**DATA SUPPLIED:**

=====

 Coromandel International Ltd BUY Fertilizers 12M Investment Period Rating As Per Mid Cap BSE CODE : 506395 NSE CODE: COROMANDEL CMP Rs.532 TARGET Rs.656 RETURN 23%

=====

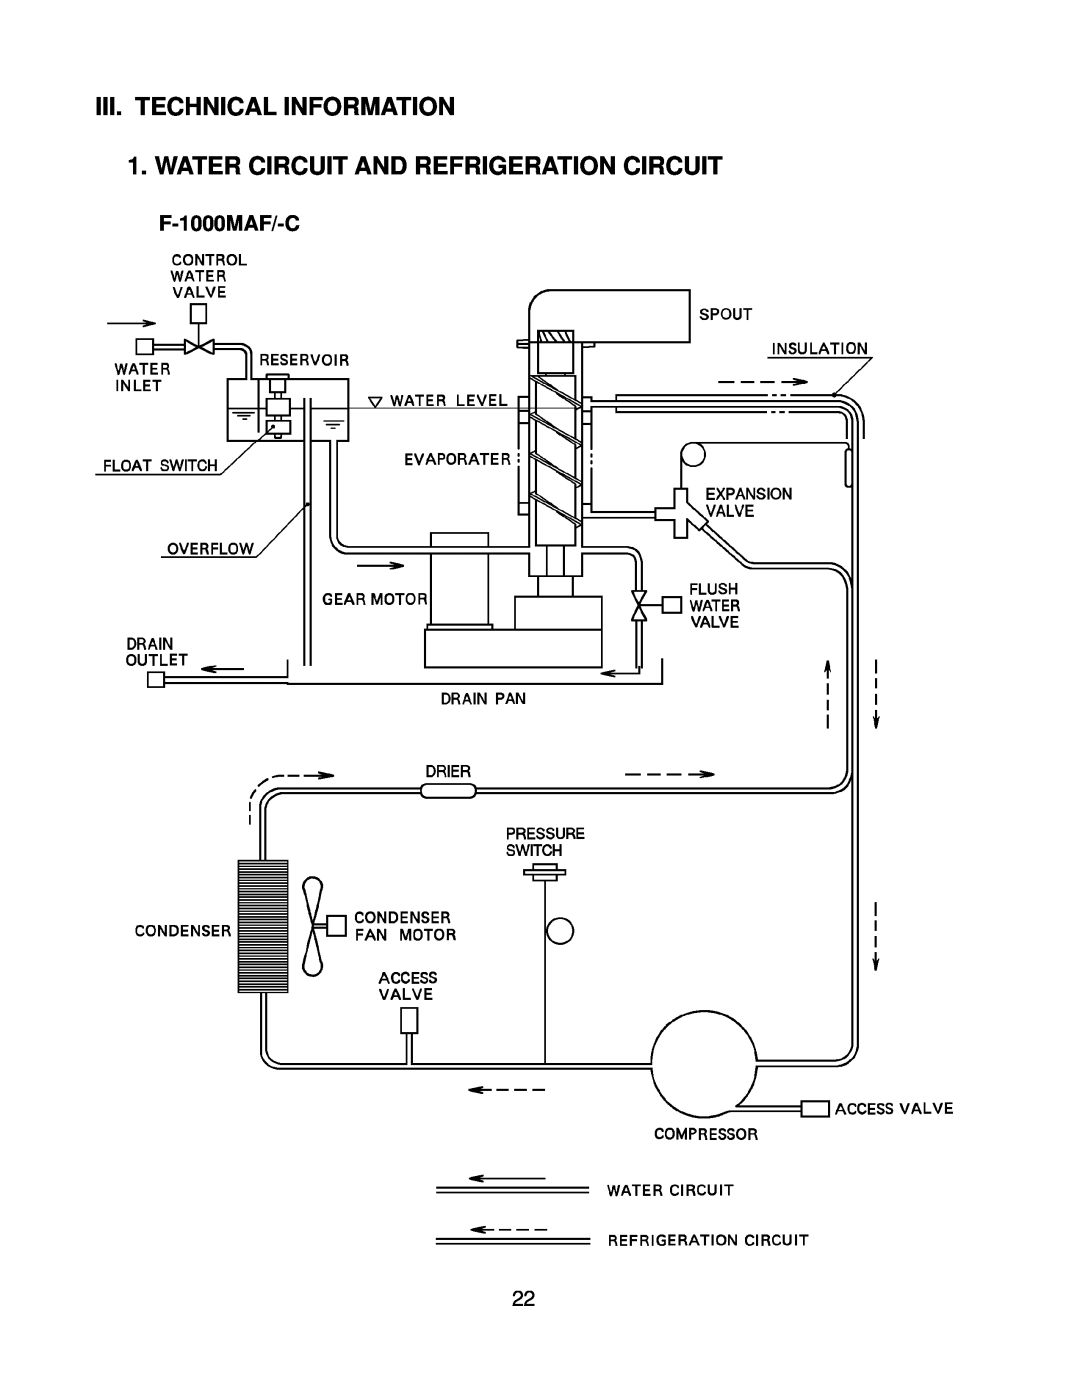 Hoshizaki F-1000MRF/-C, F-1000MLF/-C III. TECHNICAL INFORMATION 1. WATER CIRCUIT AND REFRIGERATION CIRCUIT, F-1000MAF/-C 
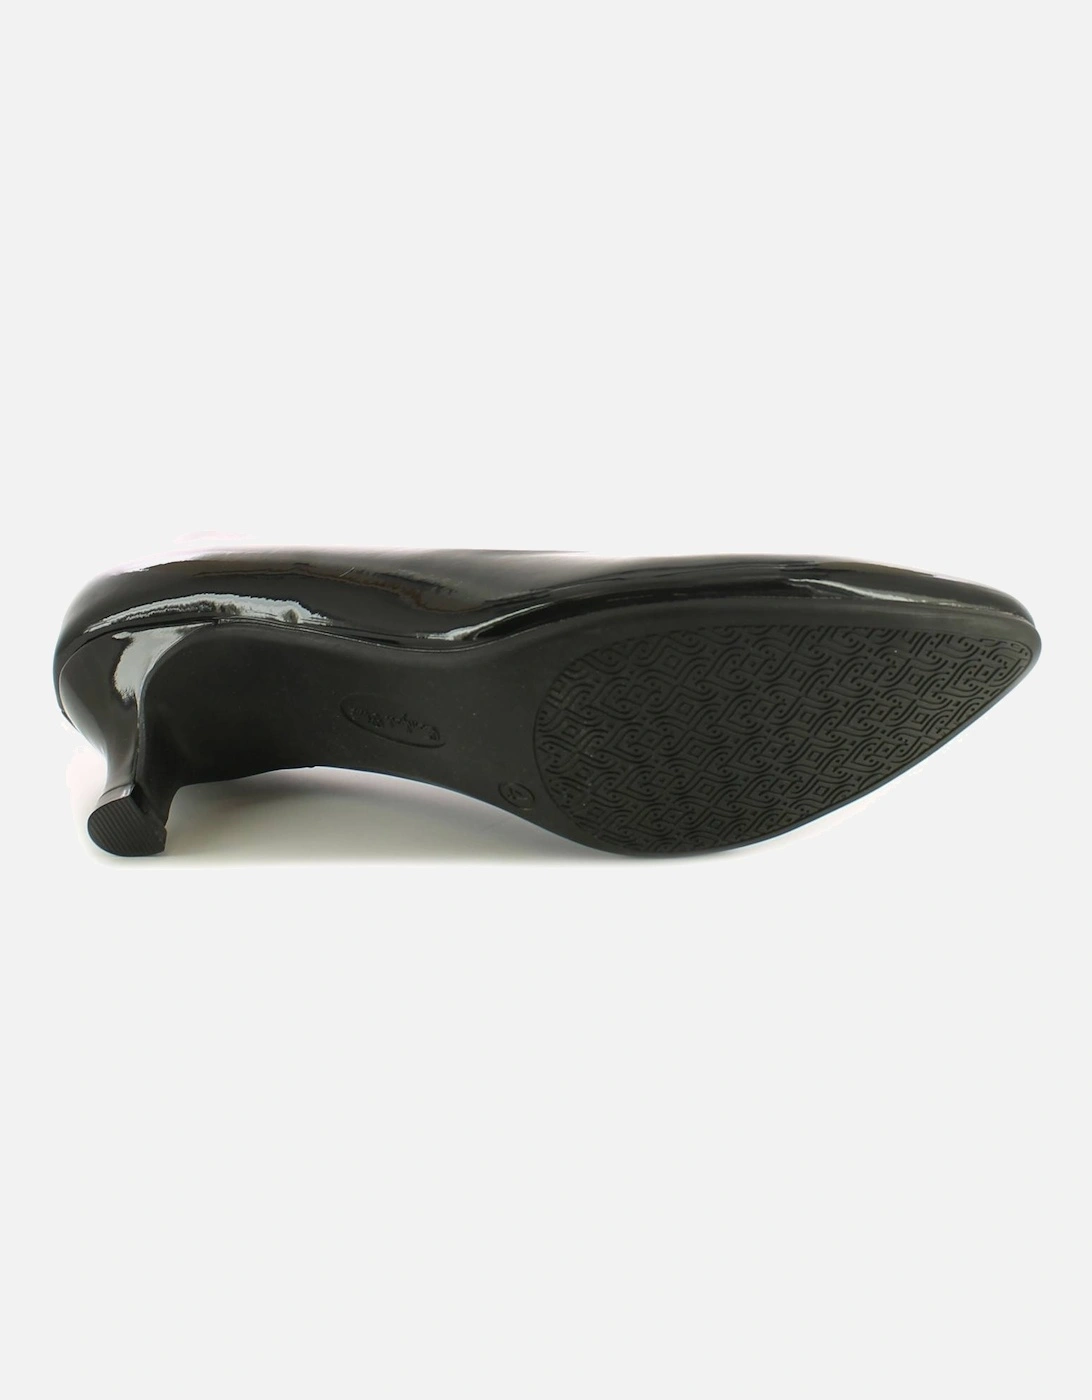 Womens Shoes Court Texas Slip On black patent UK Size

=====

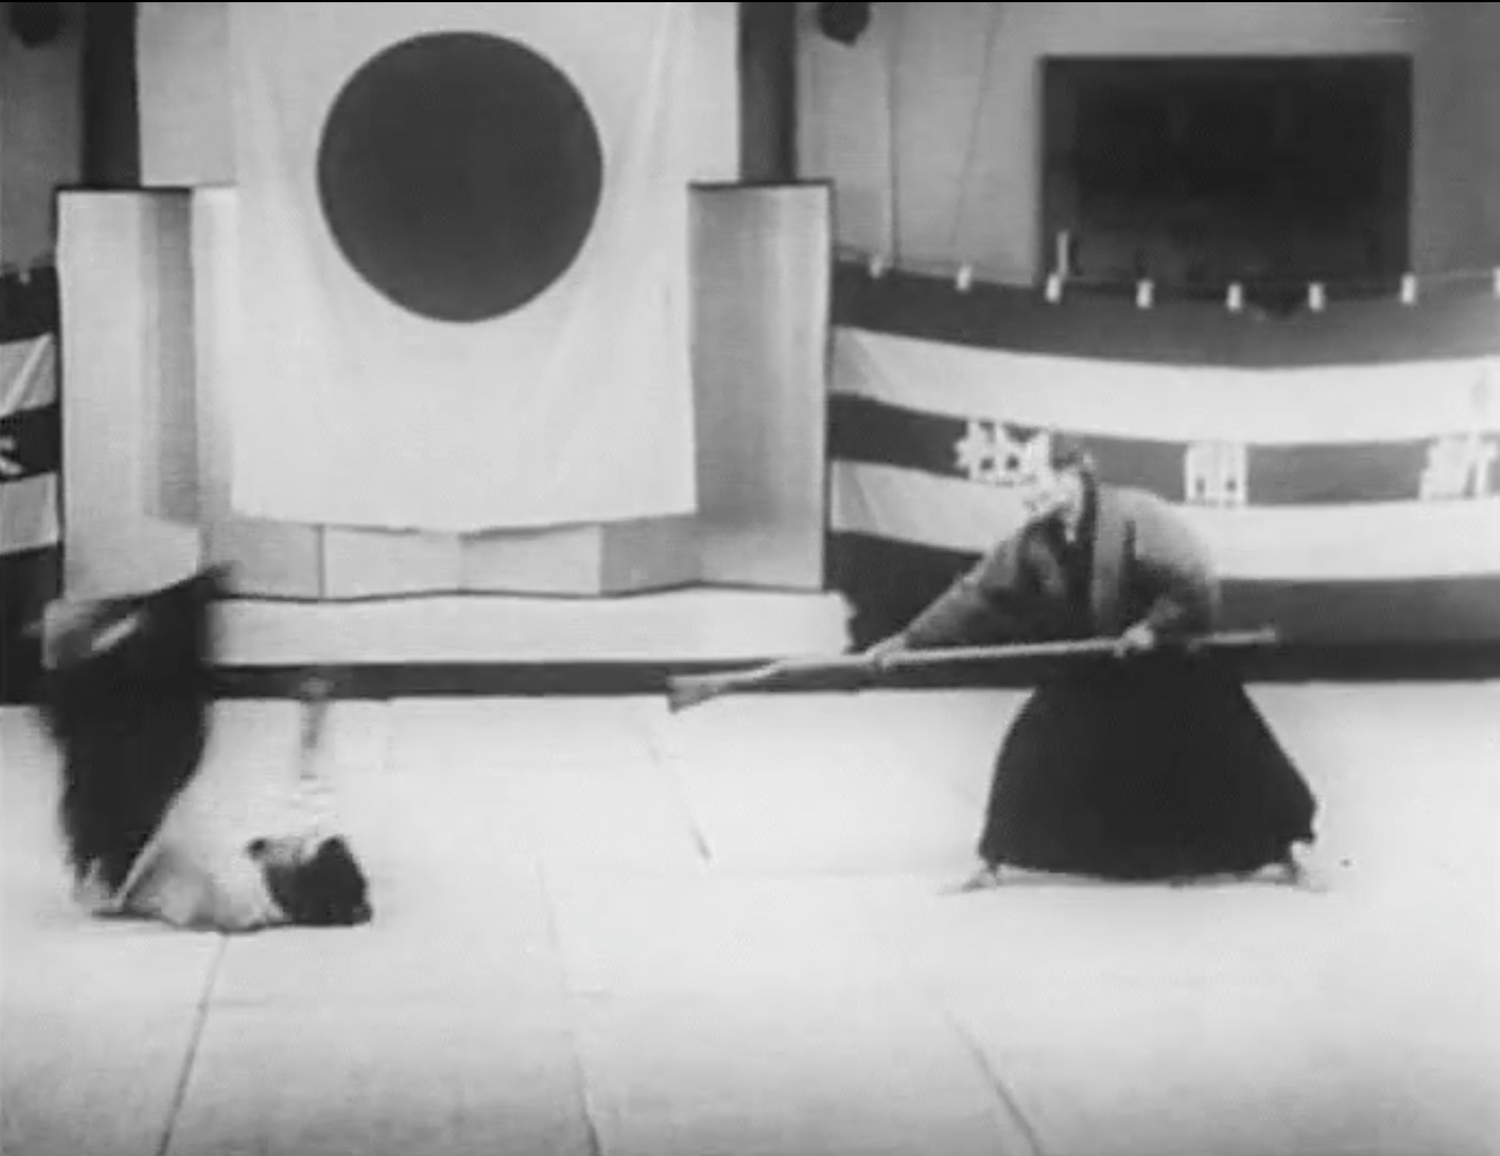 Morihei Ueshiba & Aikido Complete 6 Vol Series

=====

**EXERCISE DIRECTIONS:** Copy needed, without pictures: the lines of the listing above from the line containing "Hoshizaki F-1000MRF/-C, F-1000MLF/-C" up to and including the line containing "Womens Shoes Court", set down exactly.

**OUTPUT:**
 Hoshizaki F-1000MRF/-C, F-1000MLF/-C III. TECHNICAL INFORMATION 1. WATER CIRCUIT AND REFRIGERATION CIRCUIT, F-1000MAF/-C 
 Womens Shoes Court Texas Slip On black patent UK Size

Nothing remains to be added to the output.